Lying about your weight on an online dating site? Checking out who won the Falcons game from your work computer? Using your computer hacking knowledge as an “ethical hacker?” Those actions may become illegal if a Georgia bill gets voted into law, civil liberty advocates say.
Supporters of a bill making its way through the state legislature say it’s designed to give law enforcement the ability to prosecute “online snoopers” — hackers who break into a computer system but don’t disrupt or steal data. The legislation came in response to a recent data breach at a Georgia university in which unauthorized cybersecurity experts noticed the vulnerability of Georgia’s voting records.
But opponents say the legislation is so sweeping it could allow prosecutors to go after people who violate their user agreements or use a work computer for personal reasons. They also argue the bill will criminalize the “gray hats” of the cybersecurity world who use their hacking talents to find network weaknesses so they can be fixed, even if they never received permission to probe.
“This bill is not intended in any way, shape or form to criminalize legitimate behavior,” said Republican Attorney General Chris Carr, whose office helped craft the measure.
Carr said only three states — Georgia, Virginia and Alaska — have no law against online “snooping,” in which a hacker neither disrupts nor steals data. To remedy this, the measure criminalizes “any person who accesses a computer or computer network with knowledge that such access is without authority.” The bill does not apply to parents who monitor their children’s computer use, as well as those who are conducting “legitimate business.”
The bill is specifically meant to stop criminal hacking, Carr said. Lawmakers backing the bill, which passed the Senate on Feb. 12, point to the acts of two unauthorized cybersecurity experts who in 2016 and 2017 discovered that a server at Kennesaw State University had left Georgia’s 6.7 million voter records dangerously exposed. The men reported the vulnerabilities, but Carr said they should never have been snooping in the first place.
“If the research is legitimate, why should you not require someone to get permission on the front-end?” Carr said, arguing that it’s hard to know what a snooper’s intentions are.
Carr said the bill was drafted with the help of business groups and after conversations with the University System of Georgia, which has not taken a position on it.

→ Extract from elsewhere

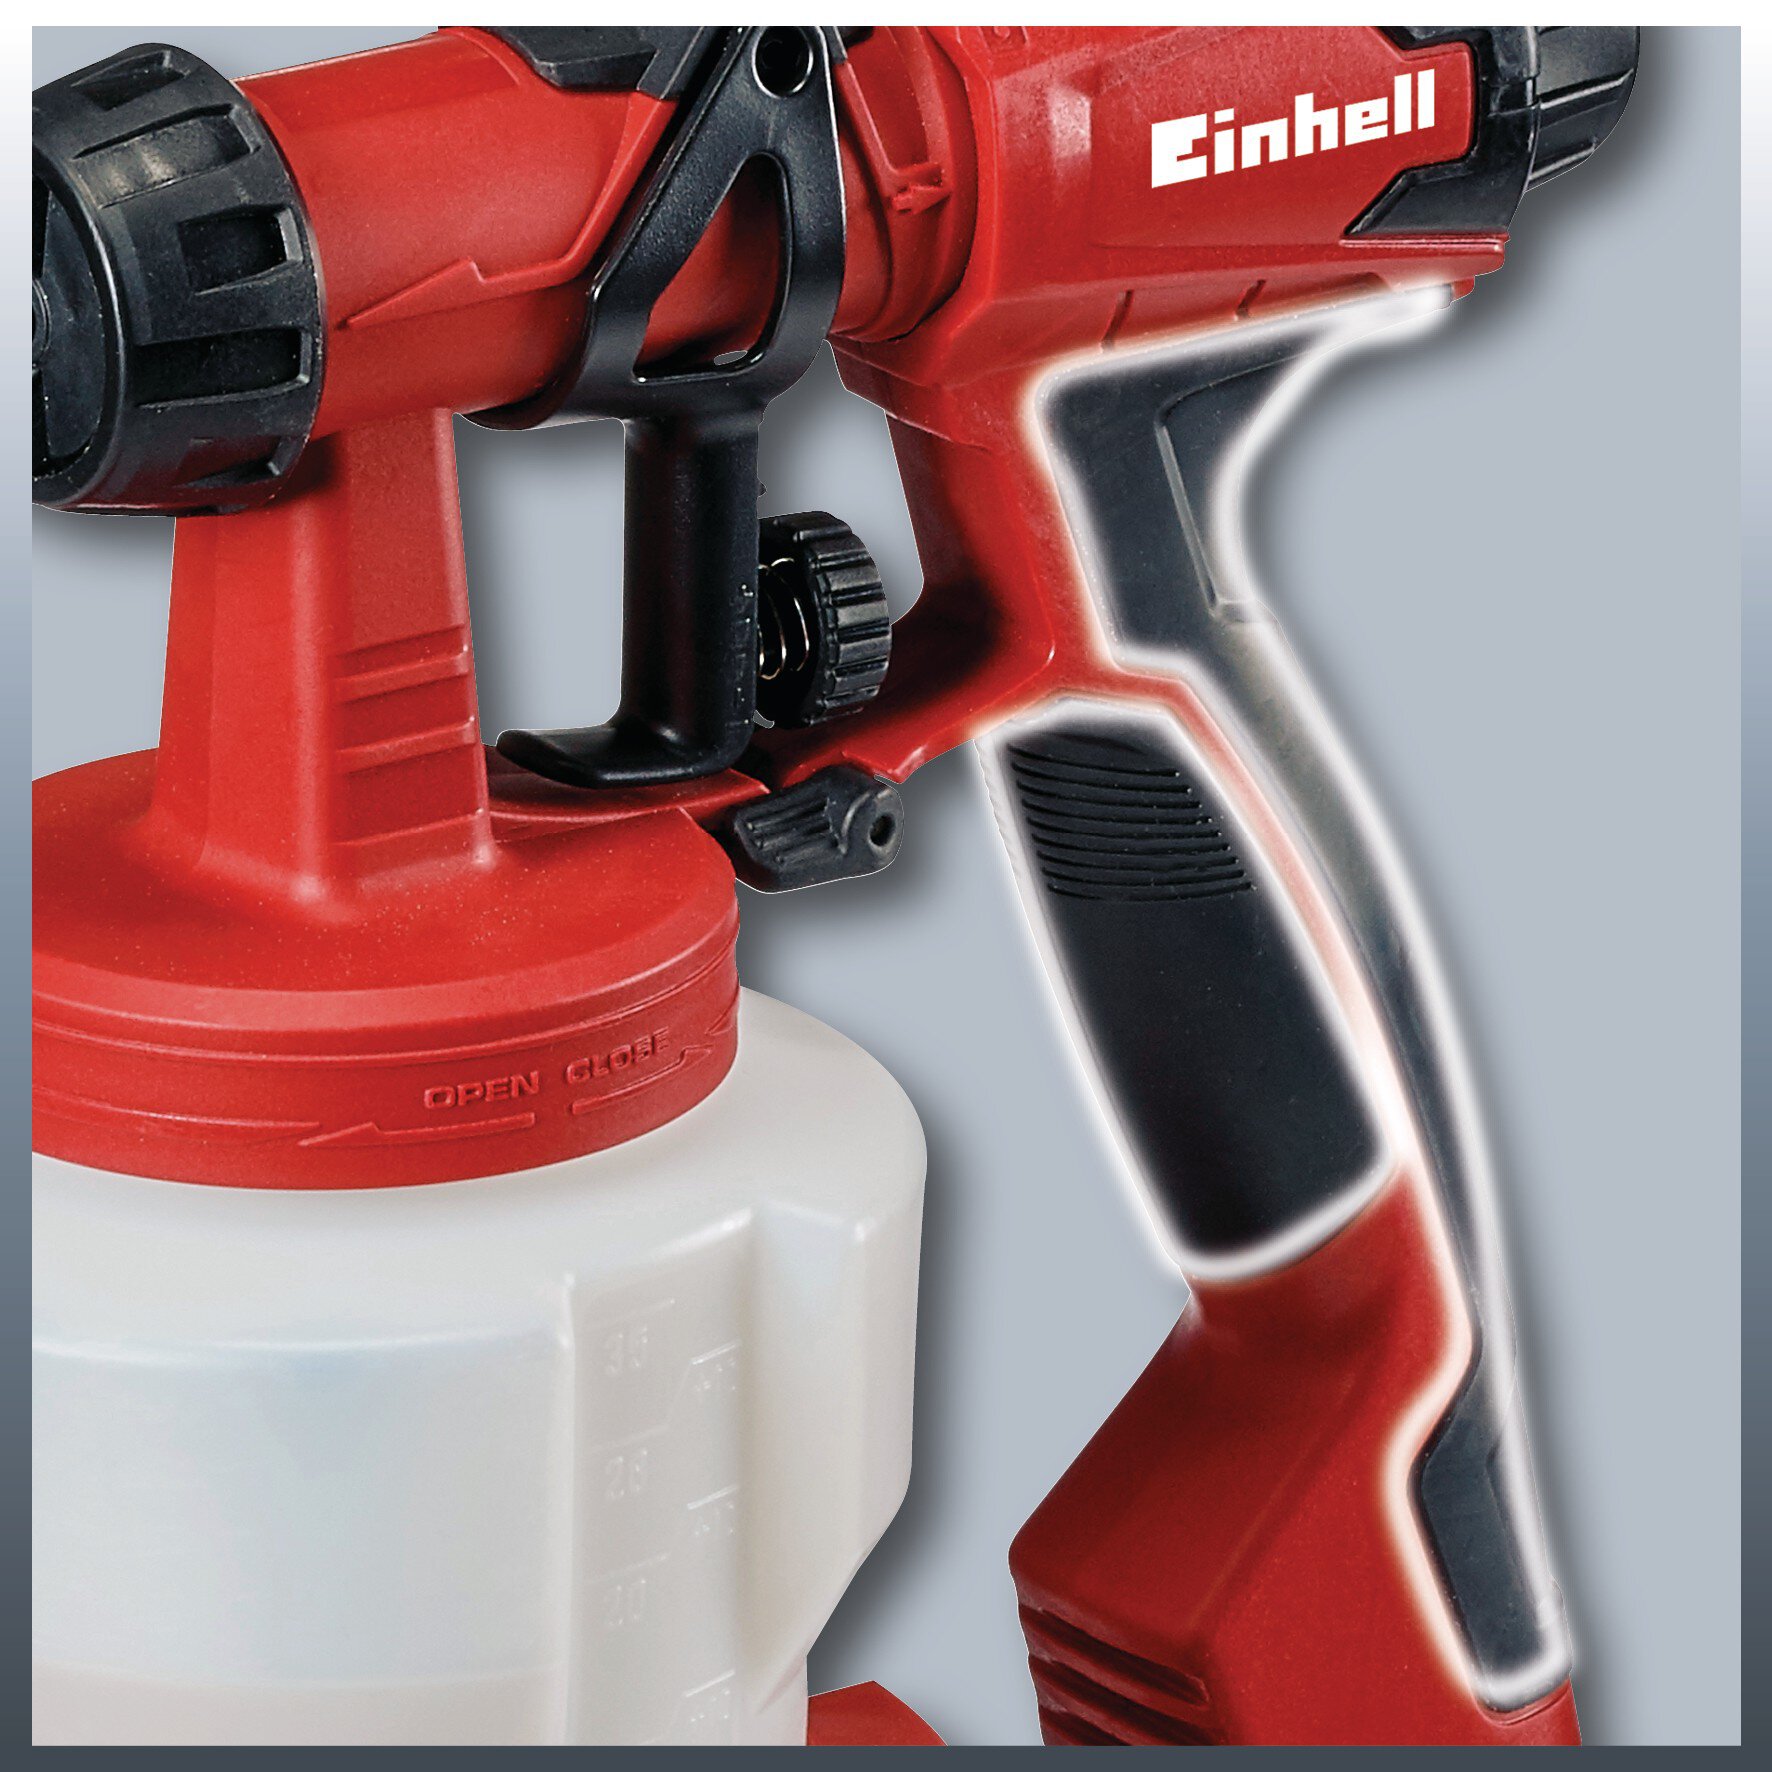 einhell-classic-paint-spray-system-4260020-detail_image-104

Carr said he is open for more input, especially from academics concerned it could hurt their ability to conduct research.
Andy Green is an information security lecturer at KSU. Green said that by alerting people at KSU’s Center for Election Systems, the men prevented the data from falling into the wrong hands. Criminalizing such acts will only deter “ethical hackers” and not stop malicious ones, Green argued.
Independent security research is the “backbone” of efforts to protect consumers’ data, said Camille Fischer, a fellow at Electronic Frontier Foundation, an international digital rights nonprofit advocacy group opposing the measure. Software vulnerability experts can be too expensive for some businesses, so the work of unauthorized researchers — who may be trying to raise their professional profile — is vital for the “ecosystem” to survive, she said.
But the measure’s lead sponsor, Sen. Bruce Thompson, R-White, said some hackers have unethical or illegal intentions.
“When you go out and discover that there’s a problem, but you aren’t going to freely give it — you’re going to make a business of it — that’s extortion,” Thompson said.
Fischer said many other states have anti-snooping laws that are modeled after the federal Computer Fraud and Abuse Act, which can be more narrowly worded by focusing on what cybersecurity experts do with the unauthorized access or what their intent was.
Other opponents said the bill is worded in such a way that any time a user violates a website’s terms-of-service agreement or an employer’s web-use guidelines, the user could be prosecuted.
“We should not be giving businesses the authority to determine what is criminal and what is not,” Sen. Jen Jordan, D-Atlanta, told The Associated Press in an interview. She says the bill should only apply to those who act “maliciously.”
The American Civil Liberties Union of Georgia has called the proposal “draconian and unnecessary.”
“Something as simple as fudging your age on social media could land you in jail,” said Sean J. Young, Legal Director for the ACLU of Georgia.
Jessica Gabel Cino, a professor at the Georgia State University College of Law, said user-agreement violations, technically speaking, would go against the “letter of the law.” But she doubted anyone would ever actually be charged for such innocuous acts, something Carr also called “absurd.”
“Our district attorneys with their limited time and resources are not going to spend any time trying to prosecute a roommate using the Netflix password,” Carr said.